Историографический стереотип, о том, что все без исключения черносотенные монархисты оказались в стане непримиримых противников советской власти нуждается в пересмотре. В этом плане показательно отношение к большевикам одного из идеологов черносотенства Б. Н. Никольского. Уже в 1918 г. он обнаруживал в большевизме бессознательный монархизм. «В активной политике, - писал адепт право-монархической идеи в октябре 1918 г., - они с нескудеющею энергиею занимаются самоубийственным для них разрушением России, одновременно с тем выполняя всю закладку объединительной политики по нашей, русской патриотической программе, созидая вопреки своей воле и мысли, новый фундамент для того, что сами разрушают… Разрушение исторически неизбежно, необходимо: не оживет, аще не умрет… Ни лицемерия, ни коварства в этом смысле в них нет: они поистине орудия исторической неизбежности… лучшие в их среде сами это чувствуют как кошмар, как мурашки по спине, боясь в этом сознаться себе самим; с другой стороны в этом их Немезида; несите тяготы власти, захватив власть! Знайте шапку Мономаха!…». Б.В. Никольский указывал, что враги у черносотенцев и большевиков общие – это «эсеры, кадеты и до октябристов включительно». Конечно, он понимал невозможность скорого восстановления правильного монархического правления большевиками. Однако им предсказывалось утверждение красного имперского цезаризма.

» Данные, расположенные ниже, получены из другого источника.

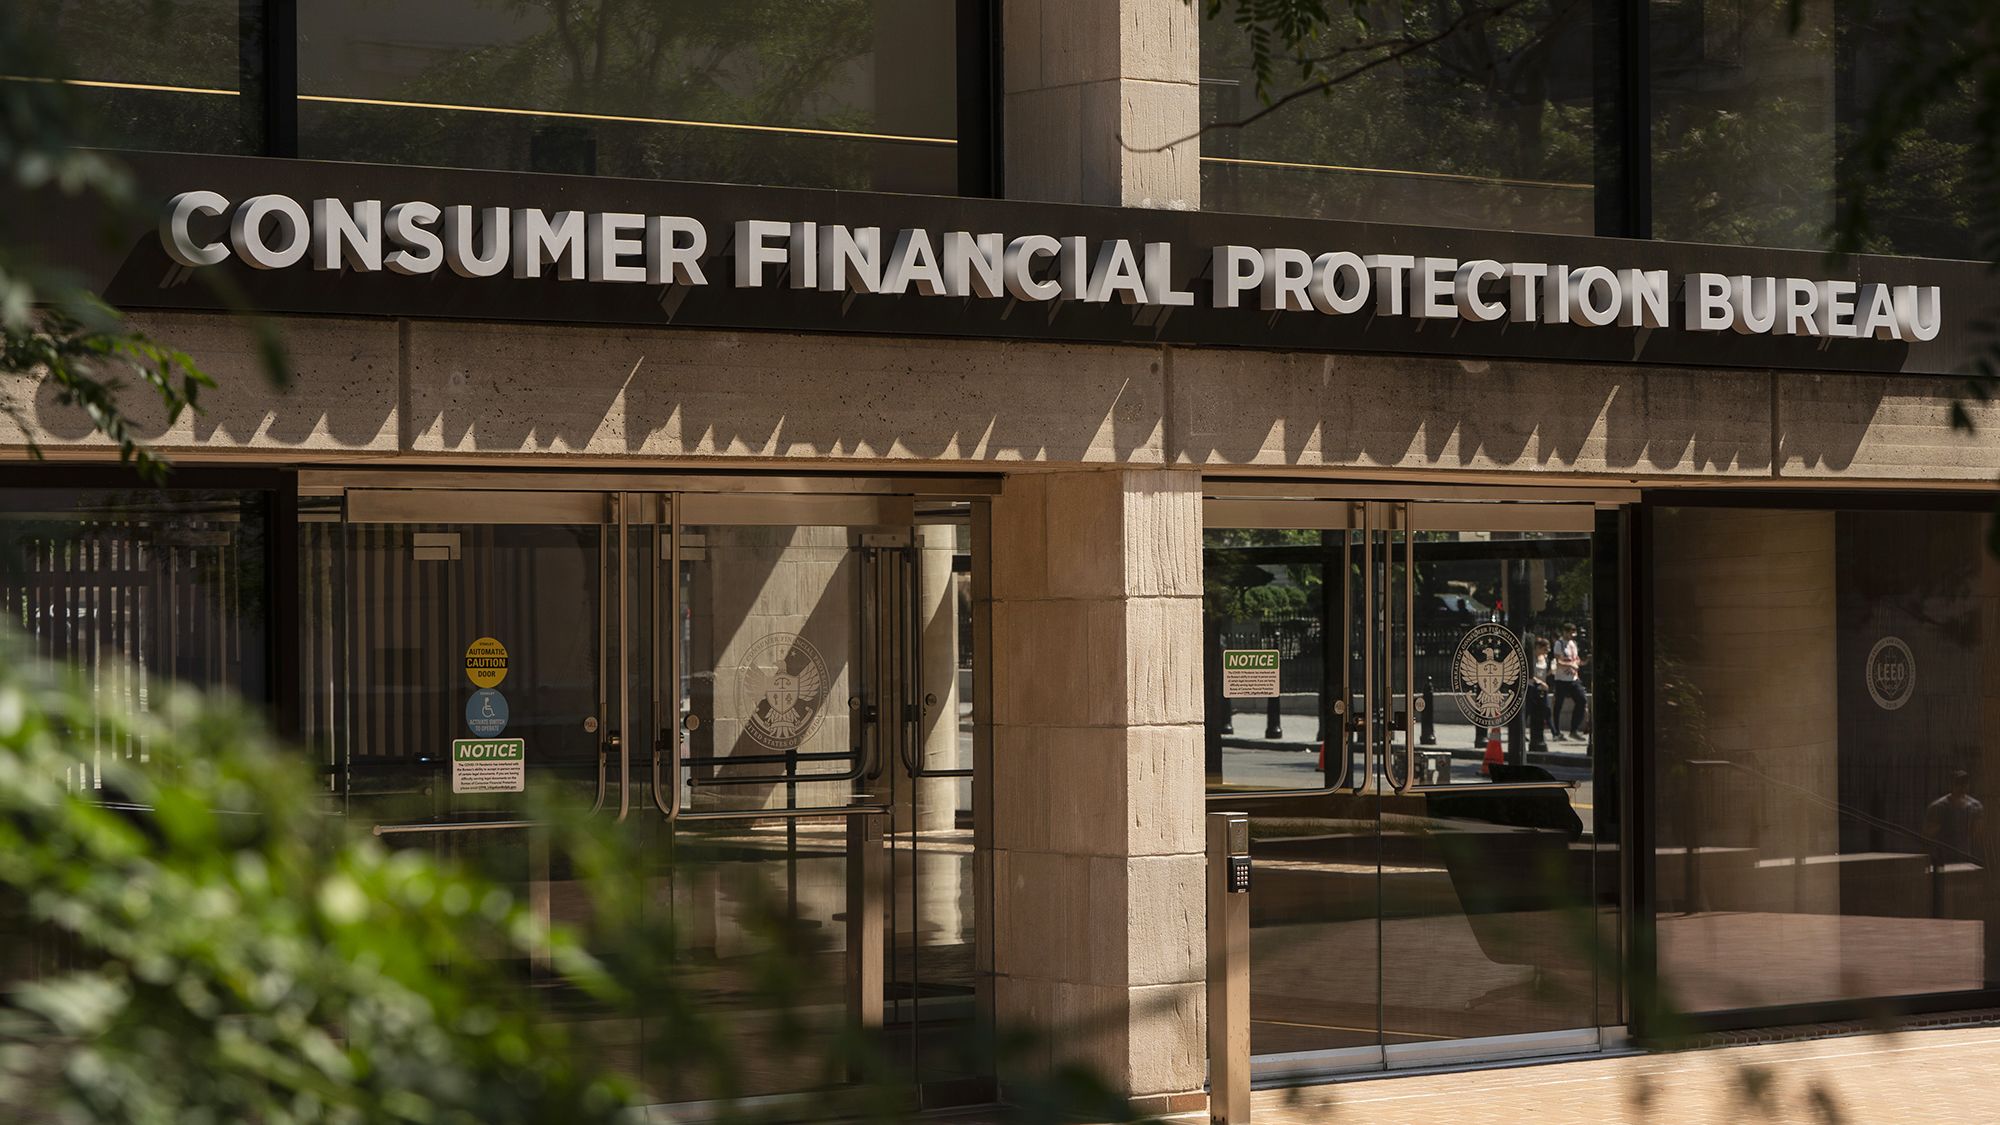 Consumer Financial Protection Bureau Office Photos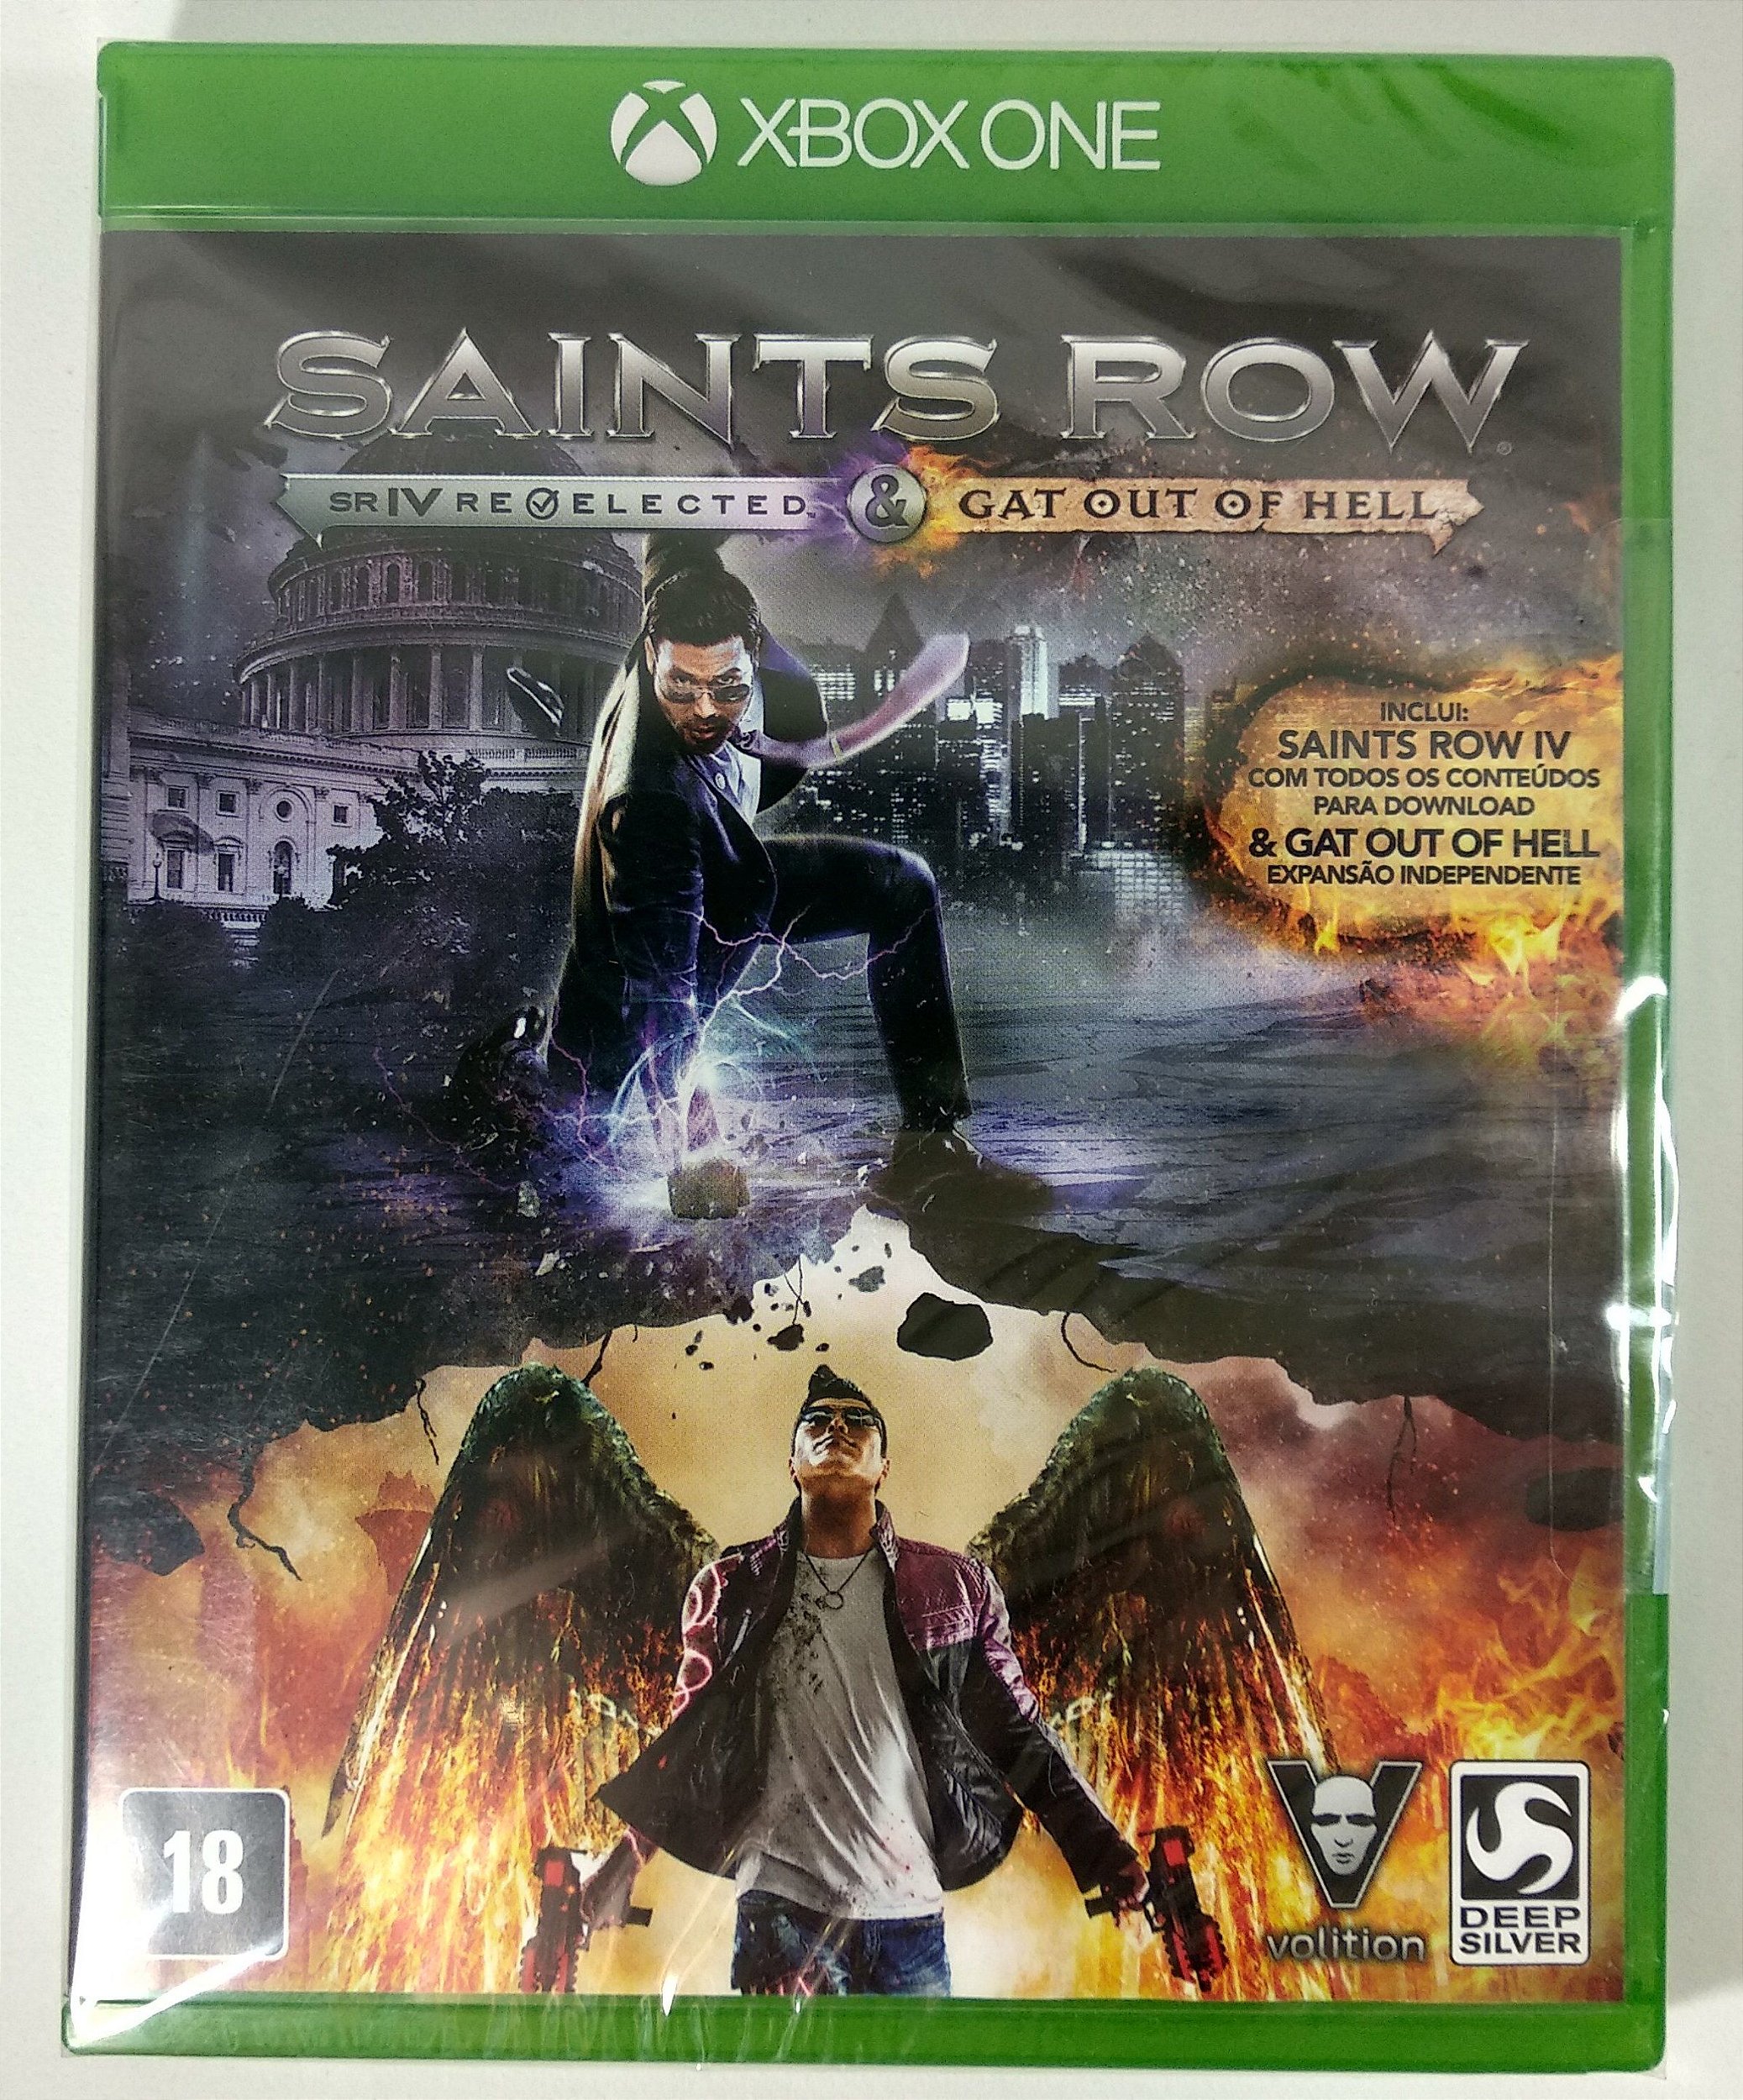 Jogo PS3 Original Saints Row The Tird Favoritos Mídia Física em

Подлинным революционером являлся ни В.И. Ленин, а П.А. Столыпин. Столыпинские реформы представляли собой ни что иное, как попытку осуществления цивилизационной трансформации. Модель аграрных отношений Прибалтийского края автоматически переносилась на российскую почву, для которой она была не приемлема как по ментальным, так и по природно-климатическим характеристикам. Парадигма большевистской коллективизации, вопреки ее же собственному идеологическому обрамлению, имело миссию цивилизационного отторжения столыпинских модернистских инноваций. Не случайно, что автор дефиниции «военный коммунизм» А.А. Богданов связывал ее с политикой царского правительства. То, что впоследствии данным понятием стали обозначать систему чрезвычайных мер большевиков эпохи Гражданской войны, свидетельствует о сущностном единстве царского и ленинского коммунизма.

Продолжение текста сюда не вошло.